The Costa Mesa City Council meeting last night was an anomaly when compared to most recent meetings - it was fairly short and relatively sparsely attended. At the peak there was probably no more than 75 people in the auditorium at any one time. And, we were out of there shortly after 9 p.m. Still, after all was said and done and the council disappeared into seclusion for their closed session, there were a few interesting moments. Mayor Pro Tem Jim Righeimer was absent due to illness of his parents in the Midwest.

For example, during the discussion of the reduction of the rates we presently charge for police and fire service for special events, it was alleged that we're "gouging" folks like t
he Orange County Fair and Event Center and the Orange County Marathon for those services. The council eventually agreed to reduce the charges by around 25% effective yesterday. The original proposal was to make the reduction retroactive to April 1st! That would have taken in the last OC Marathon. As one glib observer noted, the OC Marathon is Orange County Republican Party Chairman Scott Baugh's baby and that it's just a little paradoxical for him to be demanding fiscal reforms in Costa Mesa on one hand and becoming the beneficiary of this rate roll-back on the other. One might find it curious that another OC GOP bigwig, OC Fair Board President Dave Ellis, is in the same situation and will also be the beneficiary of this change.

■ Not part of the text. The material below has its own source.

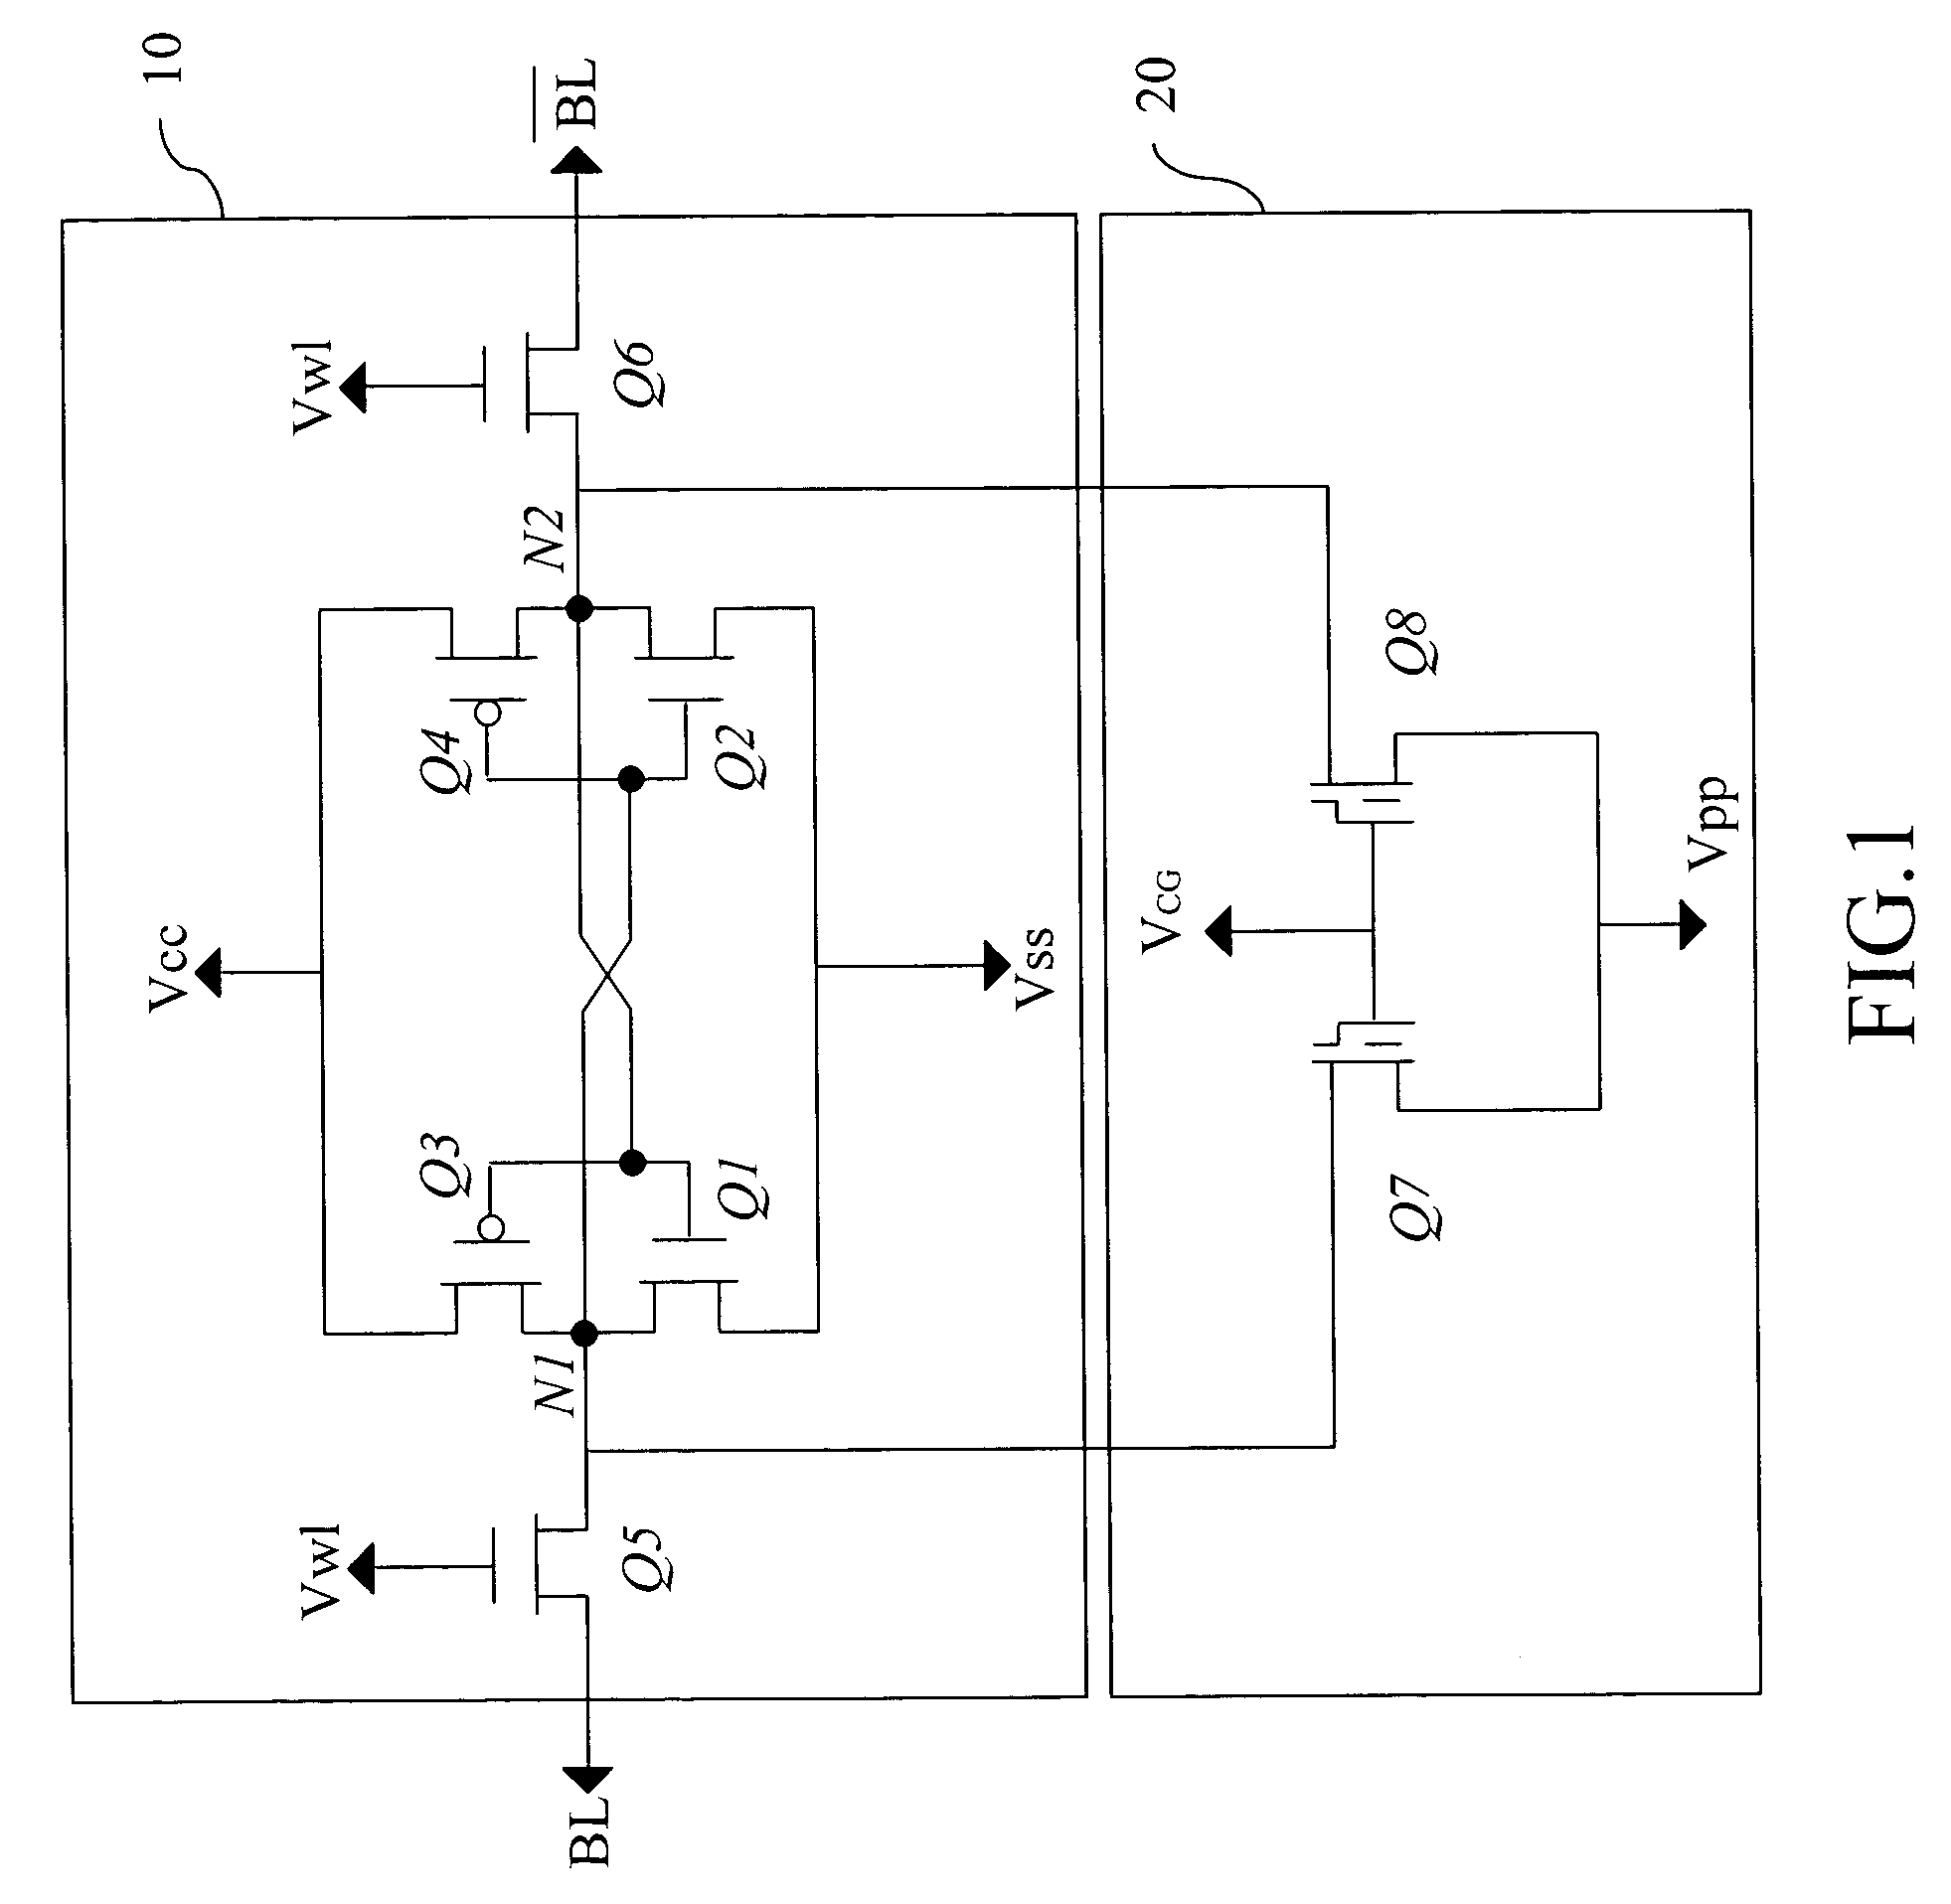 Non-volatile SRAM cell having split-gate transistors

I thought it particularly interesting that non-elected city councilman Steve Mensinger instructed CEO Tom Hatch to investigate having the Orange County Sheriff's Department perform the security and traffic control duties for those events. As he stated, he knows our police like that overtime, but using the Sheriff's would take some of the stress off of them. His exact words were, "I know they like the overtime, but I don't want to put them in that kind of a stressful position." That was just another backhand to the police by a guy who apparently shares the animosity for them with his buddy, Jim Righeimer. Or, maybe he still has that old Mike Carona phony badge and he thinks he can dress up like a Sheriff and do crowd control at the Fair.


The council agreed to the new Massage Parlor ordinance after only a moderate discussion.
That's a good thing for the community because way, way too many of those establishments have been fronts for elicit activities. I'm sorry, I still chuckle when I think of the staff putting together the definitions in the ordinance. Yikes!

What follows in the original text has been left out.